Justin Yu Hin Phung1, Jeremy King Hei Lee2, Cynthiya Gnanaseelan1
1Faculty of Medicine, University of Ottawa, Ottawa, Ontario, Canada.
Journal of Surgical Education
|June 5, 2026
Summary
Artificial intelligence (AI) offers an objective and scalable method for assessing laparoscopic skills in surgical education.
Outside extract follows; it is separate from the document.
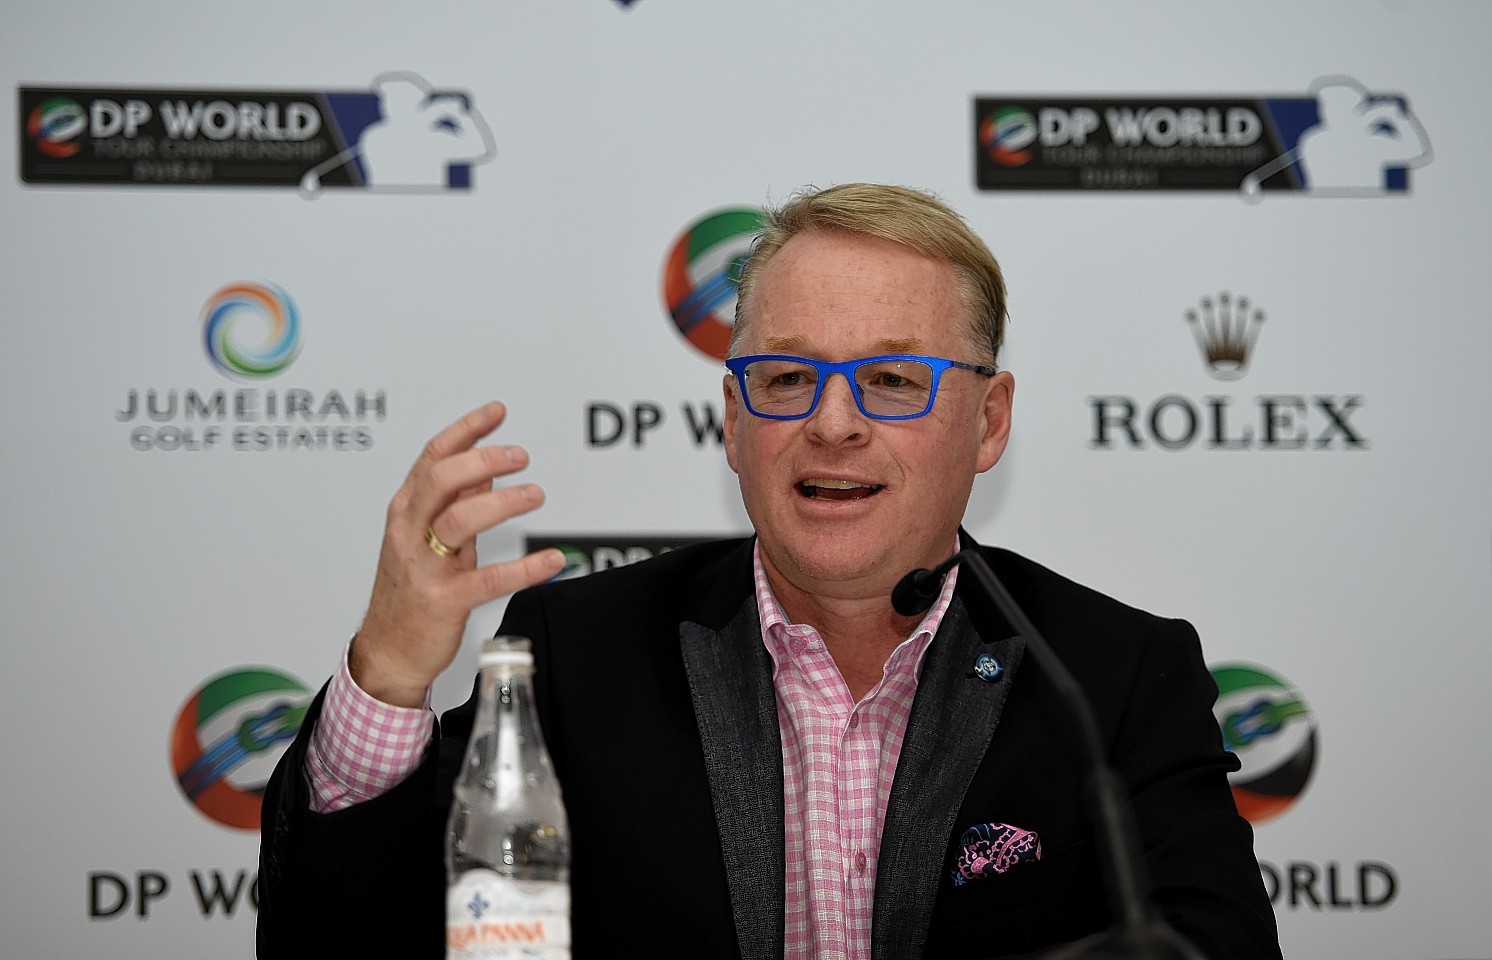 Keith Pelley, Chief Executive of The European Tour, confirmed the schedule will not change

AI effectively differentiates skill levels and automates evaluation, potentially accelerating training and reducing bias.
Area of Science:
- Surgical Education
- Medical Technology
- Artificial Intelligence
Background:
- Traditional laparoscopic skill assessment methods can be subjective and time-consuming.
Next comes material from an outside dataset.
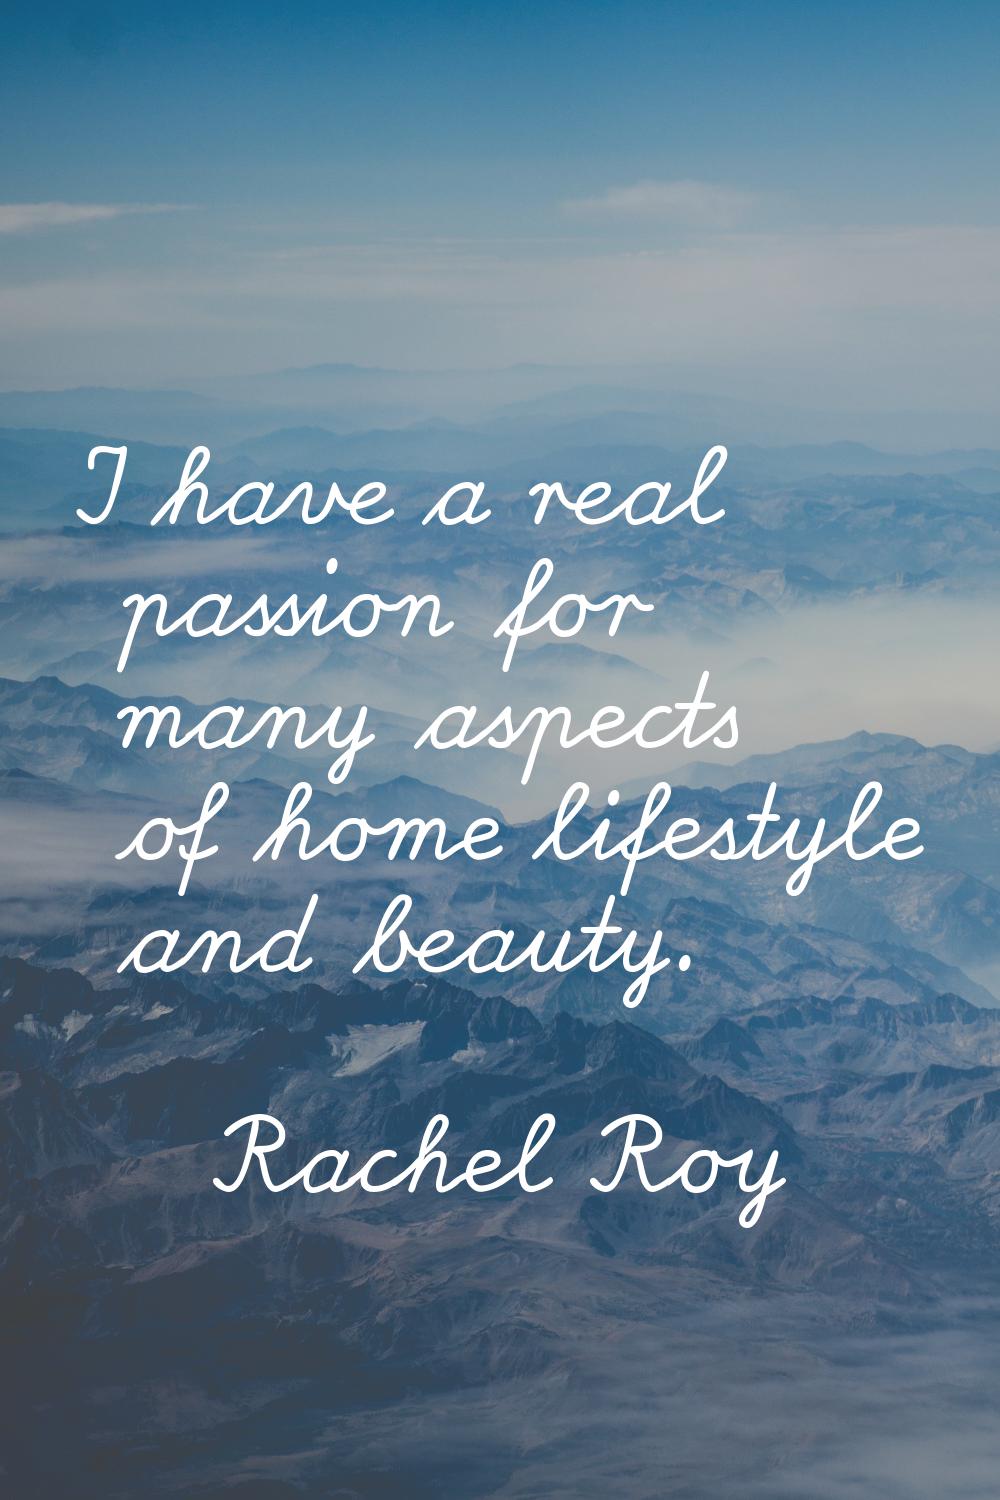 I have a real passion for many aspects of home lifestyle and beauty.

- There is a growing need for objective and efficient tools in surgical training.
- Artificial intelligence (AI) presents a potential solution for enhancing skill evaluation.
Purpose of the Study:
- To synthesize existing literature on the application of AI for laparoscopic skill assessment in surgical education.
- To describe the current state of AI-based tools for evaluating surgical proficiency.
Main Methods:
- A scoping review was conducted following PRISMA-ScR guidelines.
- Literature search included MEDLINE, EMBASE, and Web of Science databases (2015-2024).
- Included studies focused on AI assessments for medical students, residents, and fellows in laparoscopic procedures.
Main Results:
- 30 studies were included, evaluating AI versus traditional scoring (40%) or AI for skill level differentiation (60%).
- AI models showed moderate to high accuracy in distinguishing novice from expert surgeons.
- AI automated skill assessment via real-time data and video analysis, with strong agreement with human experts.
Conclusions:
- AI provides an objective, scalable, and automated approach to laparoscopic skill assessment.
- Real-time AI feedback can accelerate skill acquisition and improve training efficiency.
- Standardization of AI metrics is crucial for widespread adoption in surgical education.